COMUNE DI CASTELLANA GROTTE BARI

LADOGANA

GUGLIELMI

GUGLIELMI

CASTELLANA GROTTE

Una città da scoprire Il patrimonio carsico più bello d’Europa. La Grotta Bianca, scrigno naturale di rara purezza. Ma Castellana sorprende oltre le Grotte. In una campagna ricamata da filari di muretti a secco, trulli ed ulivi secolari, è la porta d’ingresso della Valle d’Itria. Un fazzoletto di terra nel cuore della Puglia in cui l’ospitalità e la gastronomia sono eccellenti. Tradizione e folklore animano la Città delle Grotte tutto l’anno.

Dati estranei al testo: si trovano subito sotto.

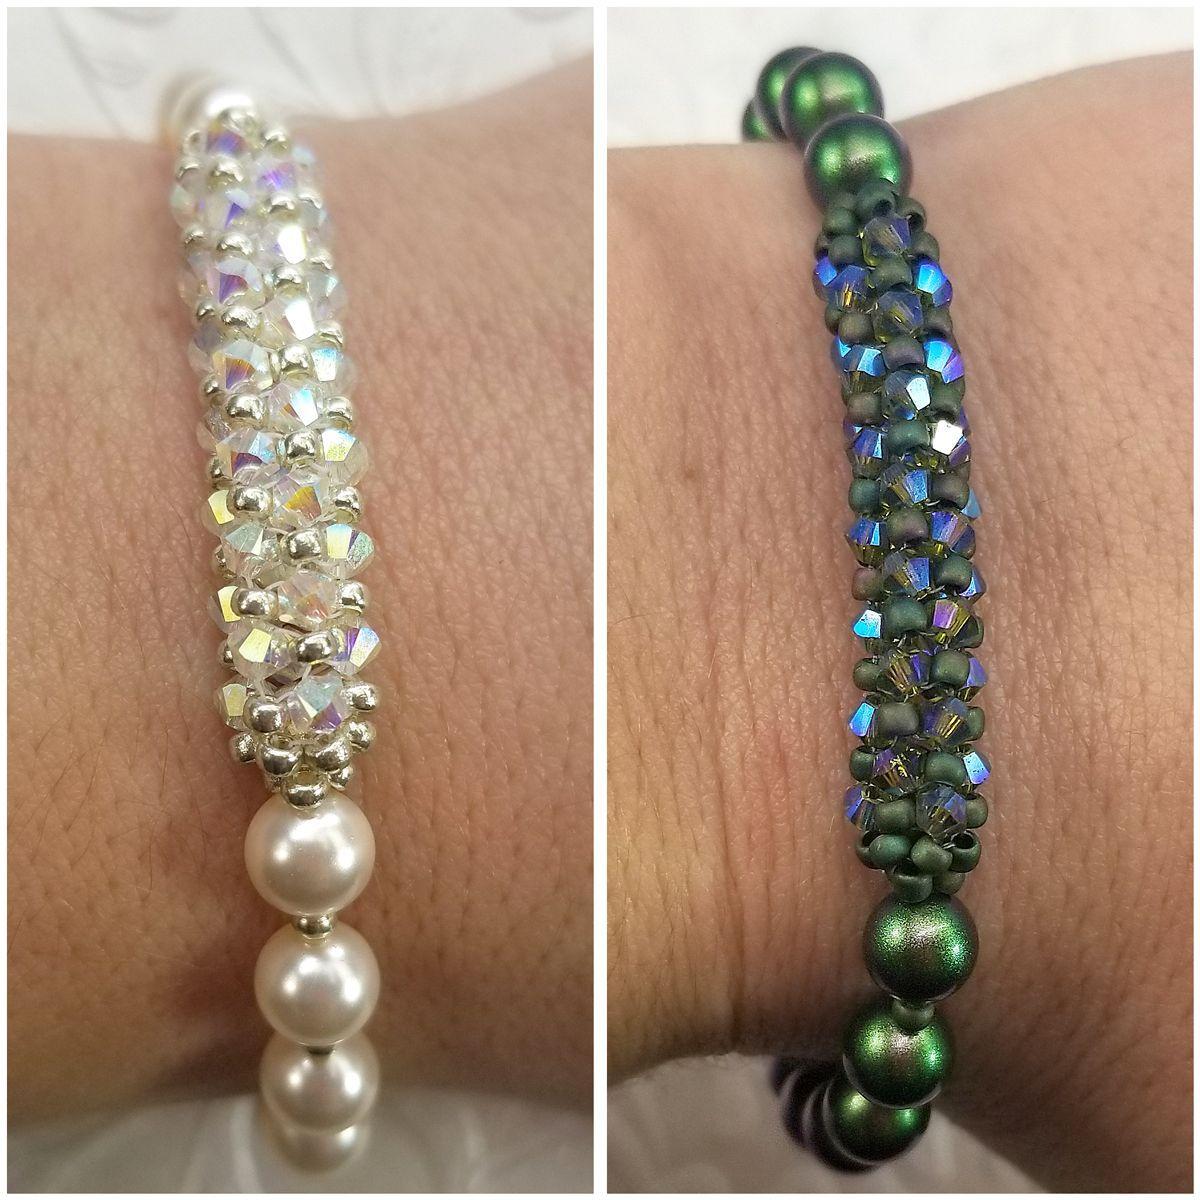 Pavé Swarovski Crystal  Pearl Bracelet VIDEO TUTORIAL  Pavé Swarovski Crystal  Pearl Bracelet by Leah Wyckoff  Eureka Crystal Beads

Evento imperdibile è la centenaria notte dei Falò, una spettacolare manifestazione in cui devozione religiosa e tradizione popolare si fondono nella notte dell’undici gennaio di ogni anno. Grandiose cataste di legna ardono sino all’alba, rischiarando e riscaldando la Città delle Grotte, fortificando di anno in anno lo stretto sentimento religioso che lega Castellana alla propria Patrona. L’atmosfera di cordialità irradiata dal tepore che diffondono queste maestose cataste di legna, da vita ad un’eccezionale celebrazione in cui godere di gastronomia tipica, canti popolari e del calore della tradizione. Perdersi nei vicoli del centro storico, ammirare la ricchezza di un patrimonio artistico e culturale tutto da scoprire, fra cui spiccano le preziose tele settecentesche di Vincenzo Fato e le sculture di Fra Luca Principino. D’estate la Città si trasforma in un palcoscenico a cielo aperto. Per tre settimane danzatori e coreografi provenienti da tutto il mondo danno vita ad un grande villaggio della danza di respiro internazionale con il World dance Movement. La Grave, cavità di accesso al complesso speleologico, l’unica connessa con il mondo esterno, ospita dal 2011 Hell in the Cave, uno spettacolo sensoriale, unico al mondo, che mette in scena la prima cantica della Divina Commedia di Dante Alighieri. Le figure infernali, interagiscono con il pubblico che diviene parte dello spettacolo, vivendo una suggestione visiva e tattile di forte impatto. Castellana Grotte, una città da scoprire e vivere tutto l’anno.